Recently, many studies have indicated that the gut microbiome plays an important role in the origin and development of disease through the gut-brain axis [6–9]. Because of the advantages of high efficiency and low cost, the abundance of microbial genes in gut samples is popularly measured by 16S rRNA high-throughput sequencing [10]. The analysis pipeline [11] classifies the sequenced reads into operational taxonomic units (OTUs) and measures their abundance by the binned read coverage. Annotating the OTU sequences at different taxonomic levels yields the microbial compositions and their abundance at different levels. Considering the microbial evolution and taxonomy accuracy of 16S rRNA sequencing, the analysis at the genus level is of great interest, where the OTU abundance of each sample is represented as a high-dimensional vector. Through advances in sequencing technology, we can detect the large-scale microbiome inside human bodies. Their abundance varies within a vast range, from couples to millions. After normalization to make the total composition of each sample one, a large proportion of extremely small values appears in the vector; many zeros may even be included when the compositional data of different samples are summarized in an OTU table.

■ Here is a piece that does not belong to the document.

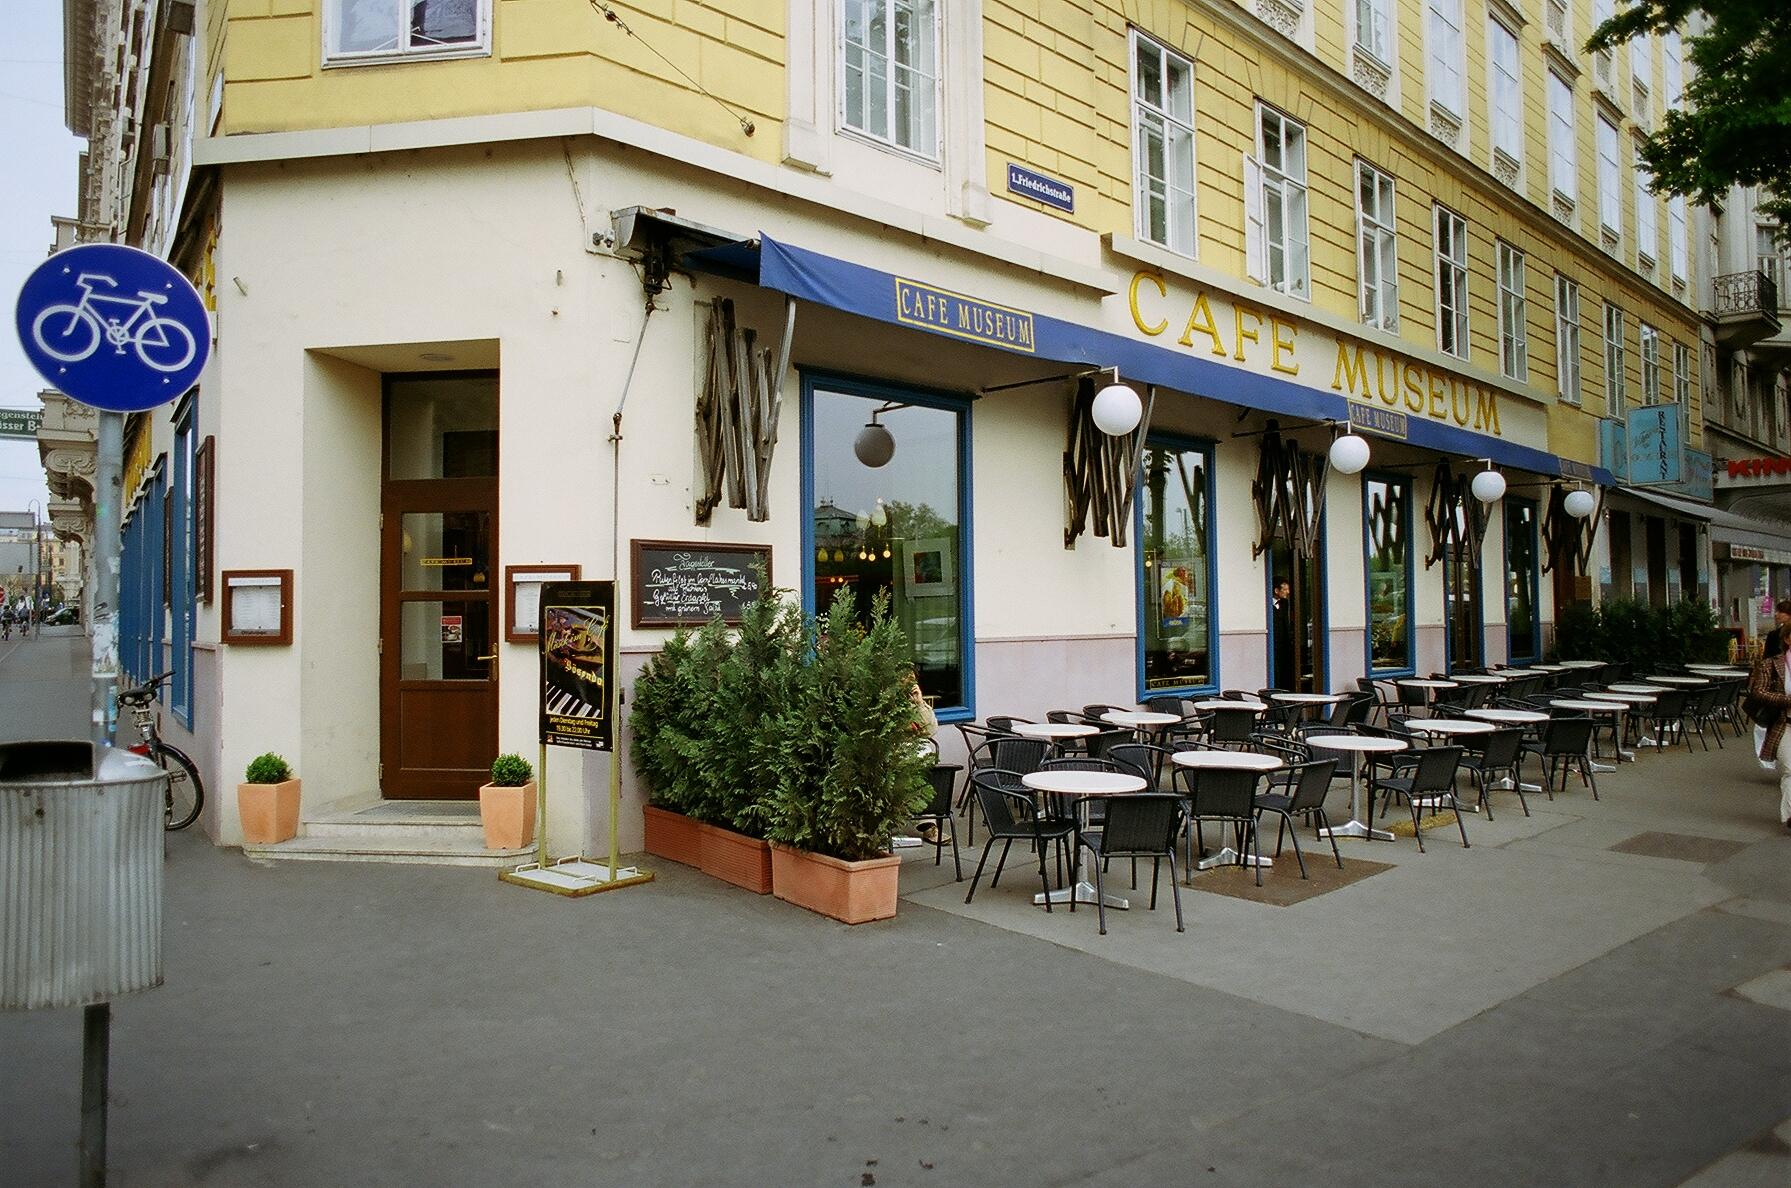 http://upload.wikimedia.org/wikipedia/commons/f/f8/Cafe-Museum-Vienna-04-07.JPG

The clustering of microbial samples based on their compositions reveals the heterogeneity of patients in terms of the gut microbiome. The clustered subgroups are characterized as enterotypes, which attract researchers’ attention when they appear [12–14]. To classify the samples into subgroups according to their compositional profiles, the dissimilarity between samples needs to be measured, which is termed beta diversity in the microbial community. The definition of beta diversity was first introduced by ecologists, together with alpha and gamma diversity, to measure the diversity between samples, within samples and of the total population [15, 16]. Since then, many different types of definitions of beta diversity have emerged from different perspectives [17]. Because the aim is to quantify the dissimilarity between two compositional vectors, mathematical metrics that measure the difference between two multivariate variables can be employed and can provide a variety of definitions of beta diversity with different conceptual and sampling properties [18]. The R package phyloseq [19] includes 41 such measures, and philentropy [20] covers 46. These include not only the commonly used Euclidean and Jensen-Shannon divergence but also diversity measures for presence-absence data [21] as well as the UniFrac distance utilizing phylogenetic information [22]. Recently, scientists have made efforts to refine the definition of beta diversity in both mathematical and conceptual terms [23]. Although there are fruitful choices for beta diversity and valuable discussions on their concepts, different measures may yield significantly different clusters in practical data analysis [24]. It is confusing for users to make one selection from the clusters resulted from different beta diversity measures, even with indices such as the Caliński-Harabasz statistic, silhouette coefficient, and prediction strength, to evaluate the clustering performance, since different indices may give different recommendations [13, 24].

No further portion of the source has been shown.